On the flip side, if both parents work, or one parent works and it is clearly a hardship that child care is expensive, then it is important to help carry that burden. I took this approach during my divorce and wrote it up this way in my document, and now pay her for $650 of phantom child care! We all know that trust is on pretty thin ice when it comes to ex’s!



This has been a real big issue for many of the divorced dads I know. The language in the current document clearly says that “the parent with the children must be with the children overnight, or the other parent has the first right of refusal to watch the kids during that evening.” I don’t mind this, however, there are some issues that I think should be considered.

First, if one parent does not abide by this and constantly has “others” (including live in relatives) watch the children, it is not fair to the other parent.

Second, if there is a remarriage, I feel that the new spouse (either way) should be allowed to care for the children overnight as a step-parent.

Finally, abusing the wording by having the children have a sleep over in order for the parent to not have to be home is borderline breaking the language in the document.

Considering all of these issues, I suggest NOT having the language in the document and the parent caring for the children is fully responsible for the children, even if they must hire someone to care for them overnight. If they can’t find someone, then they can call on the ex to help out.



I know that many of you read this and are thinking about marriage along the lines of “I will never do this again!” There is much validity in that statement, especially if you have gone through a nasty or harsh divorce. It is sort of like when women say they will never go through labor again, but end up with two or three children.
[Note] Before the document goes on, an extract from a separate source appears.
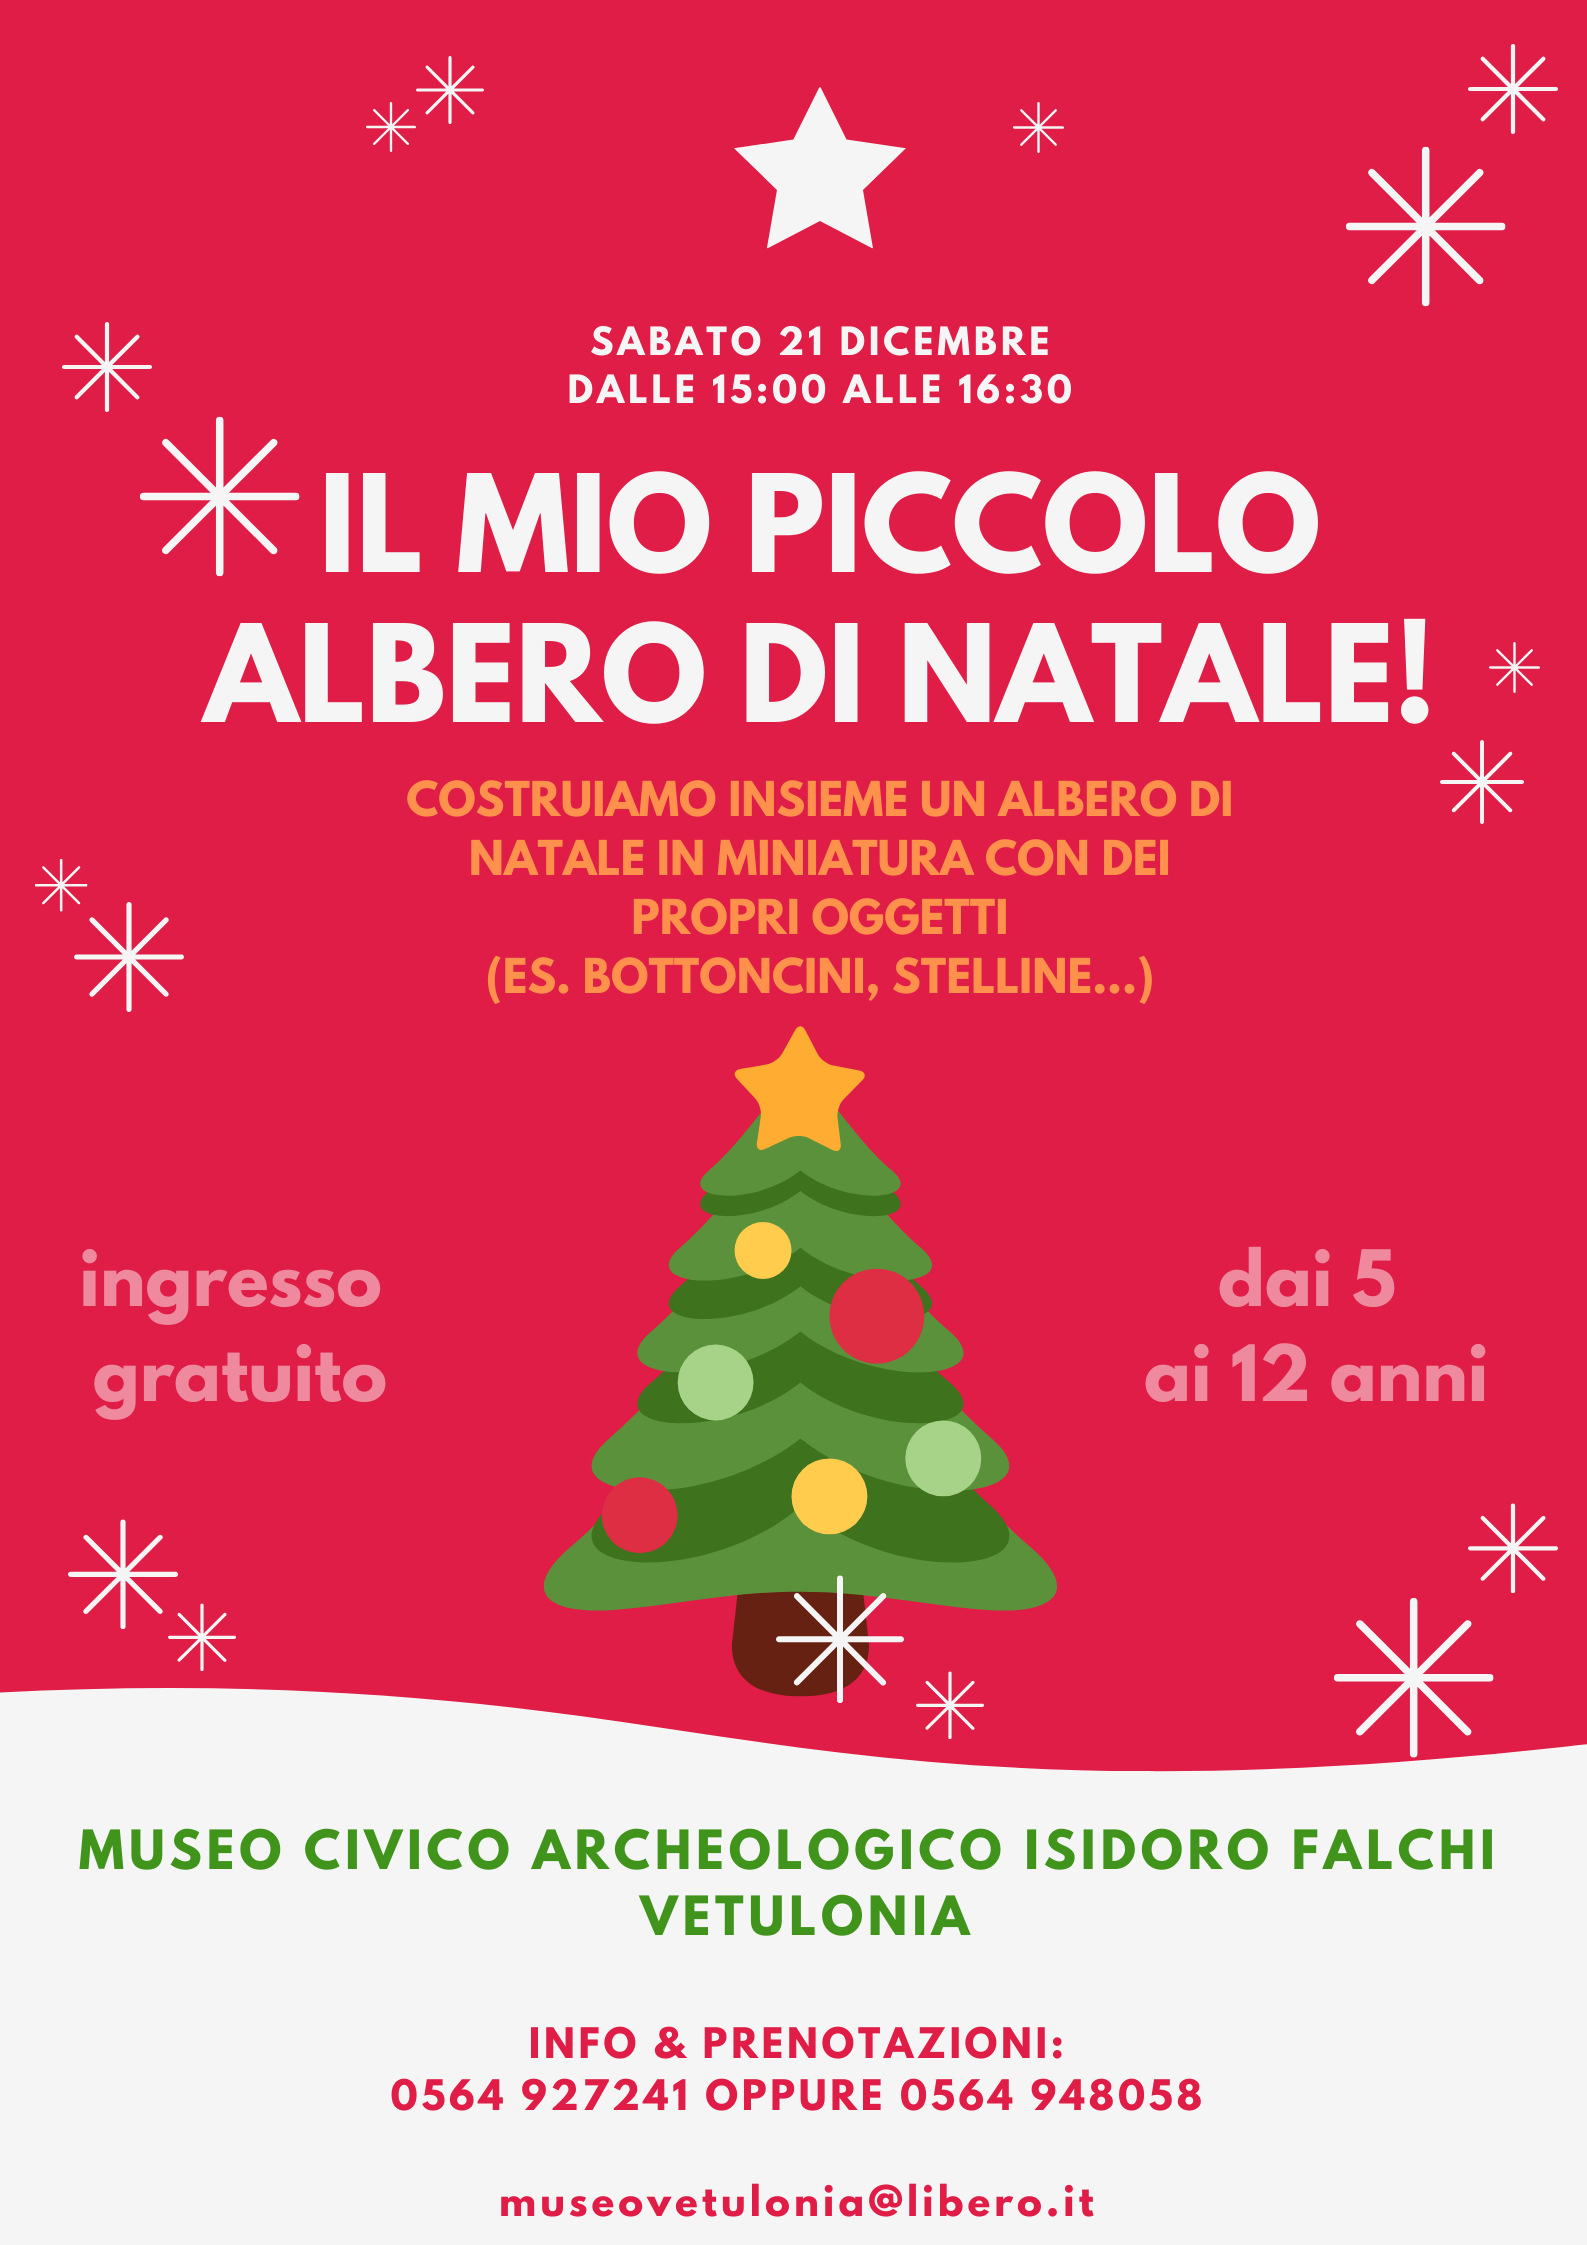 Immagini Di Natale Anni 30.Qui Maremma Toscana Il Mio Piccolo Albero Di Natale

Time does heal!

Anyway, I feel that there should be remarriage wording in the settlement document.

First, if the person receiving spousal support gets remarried, the spousal support should end immediately and forever.
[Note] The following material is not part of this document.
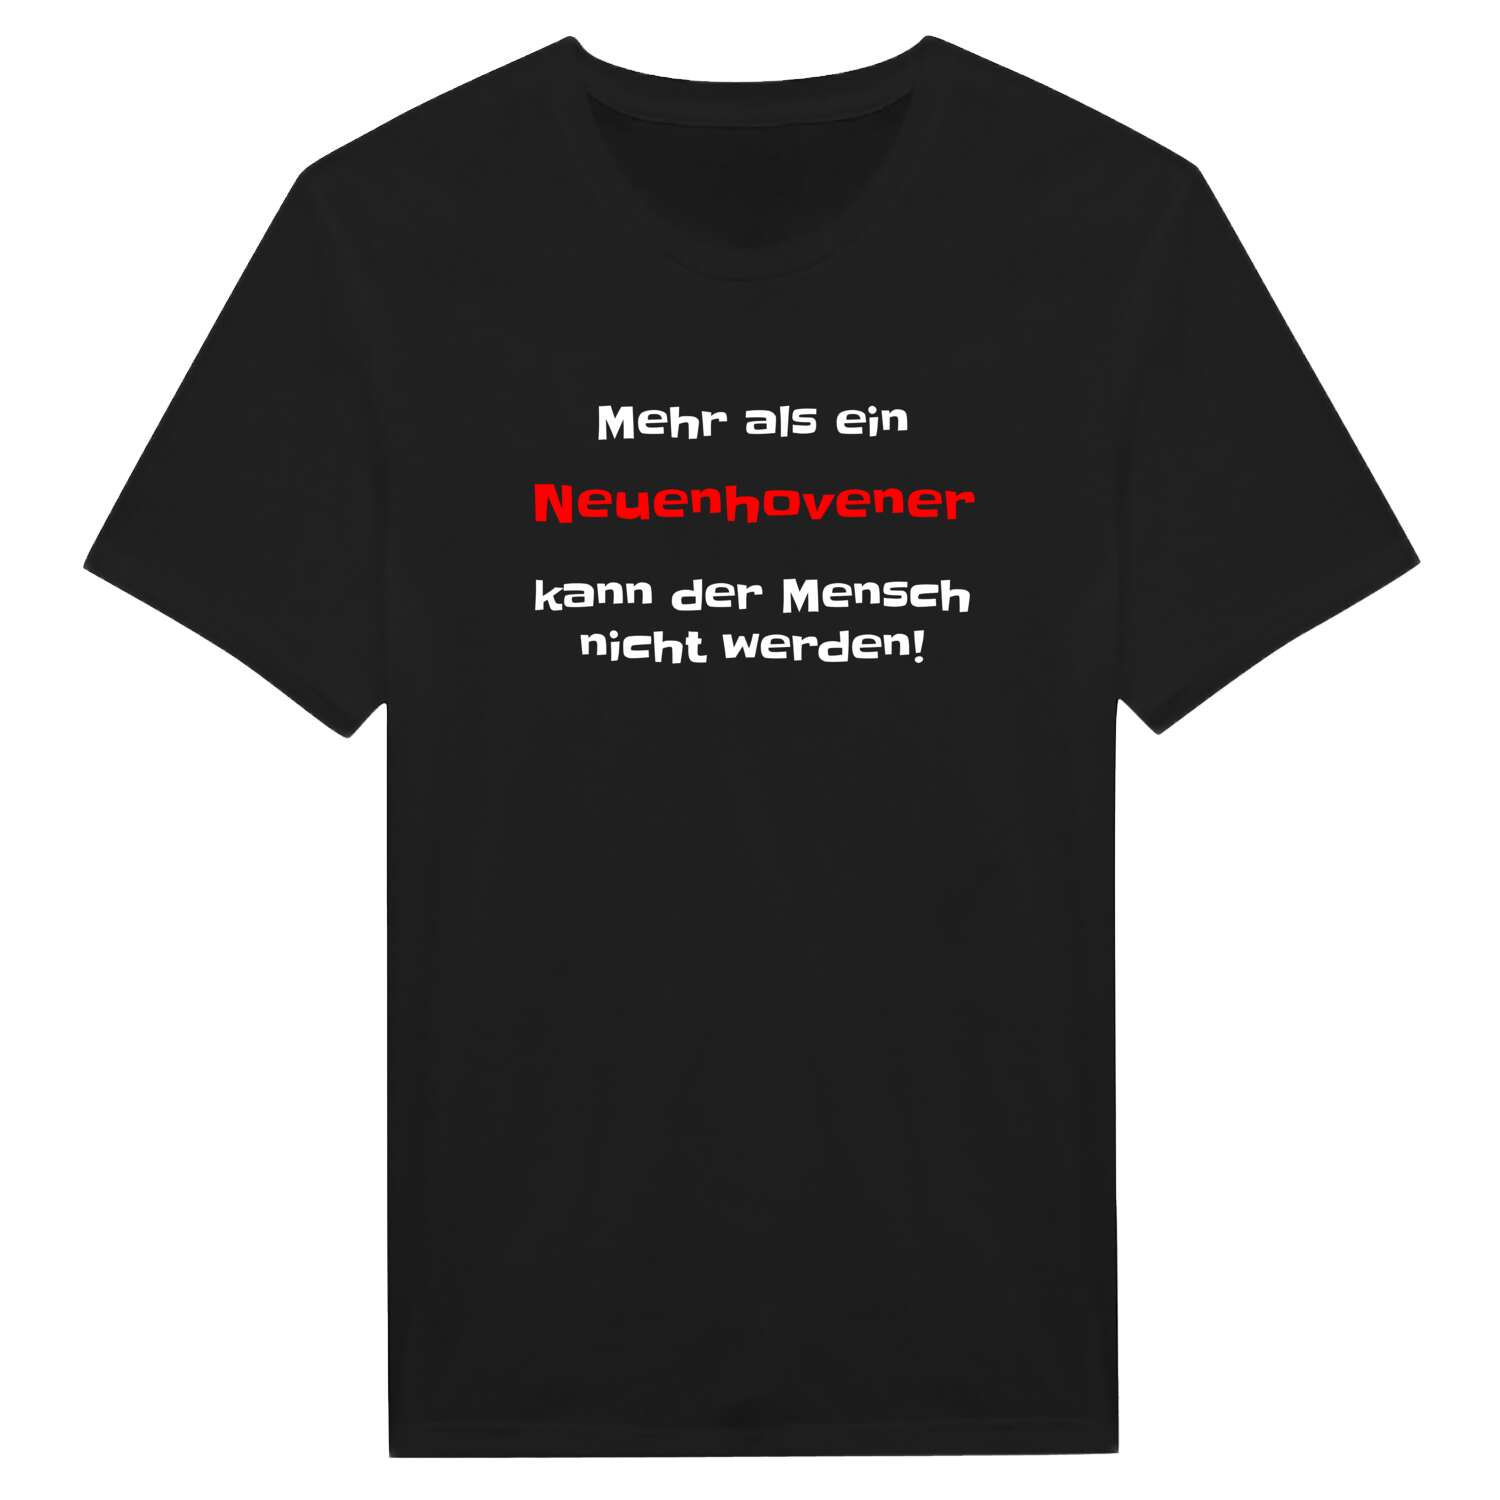 Neuenhoven T-Shirt »Mehr als ein«
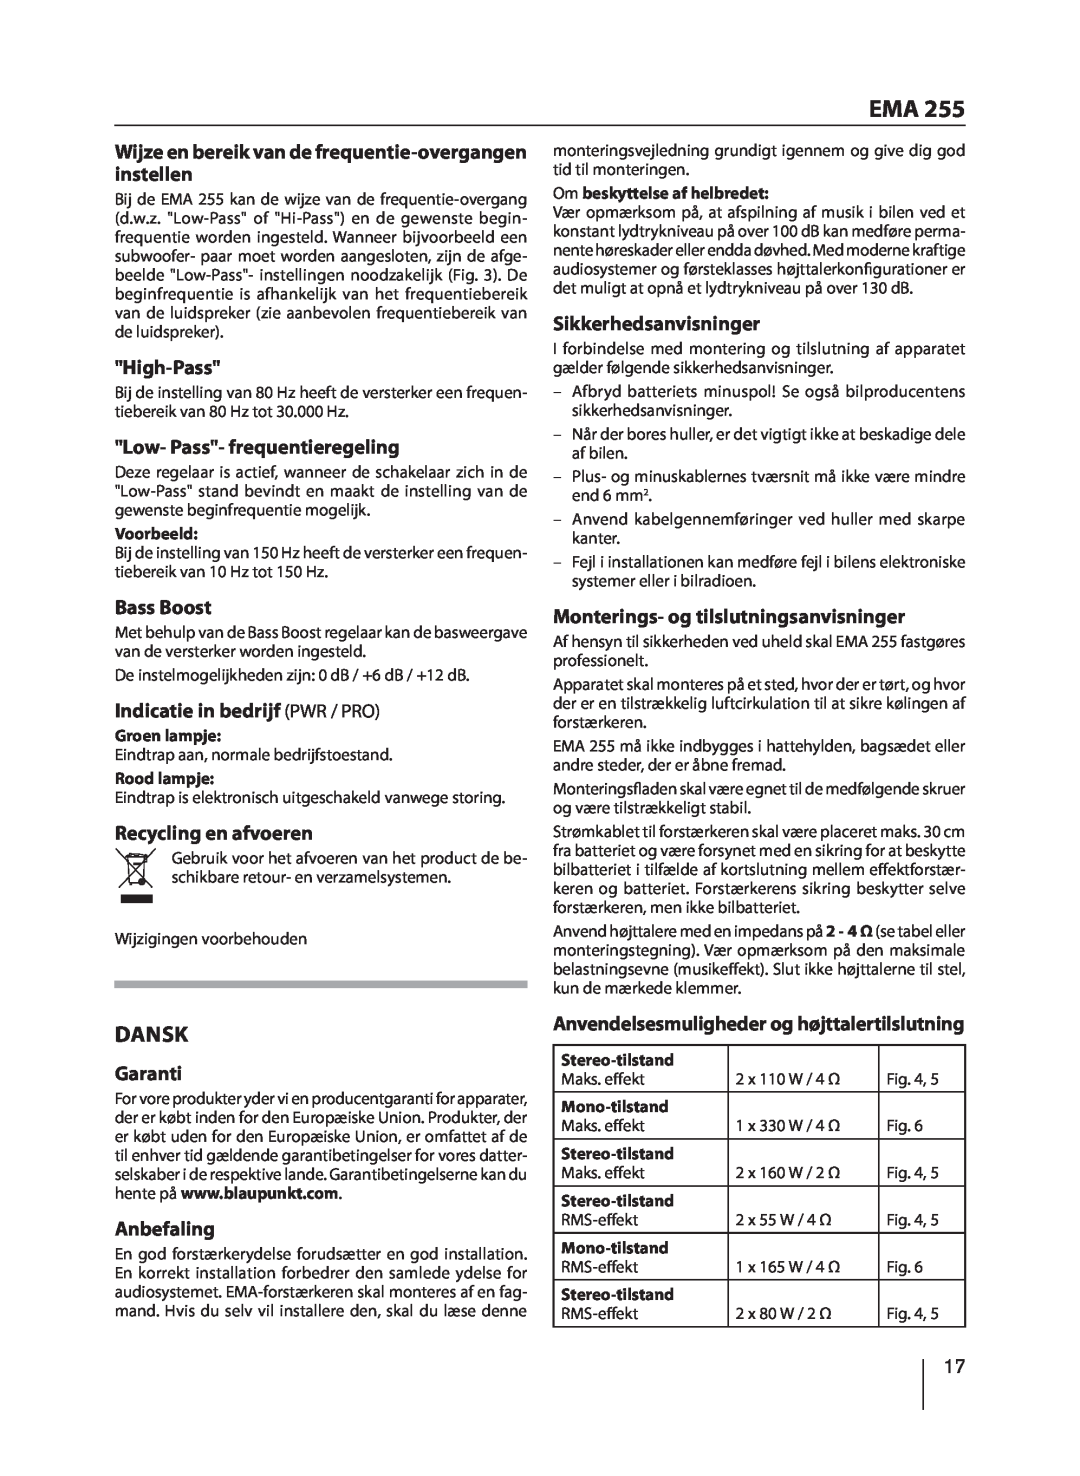 Blaupunkt EMA 255 manual Dansk

Also, when there is now a step-parent involved for children, the parenting responsibilities for the one parent are shared by the step-parent. This will include overnight stays, pickup of the children, etc.


In Summary

If your divorce is going smooth and you feel that you can trust your ex today and down the road, think again! If your divorce is rough and you know you can’t trust your ex, make sure you take extra precaution to protect yourself and your children. Make sure you look at every point in this article as well as any other areas that are important to you and your case. Review them with your attorney, talk with others that have been divorced, and make sure you use wording that works for you. Good luck!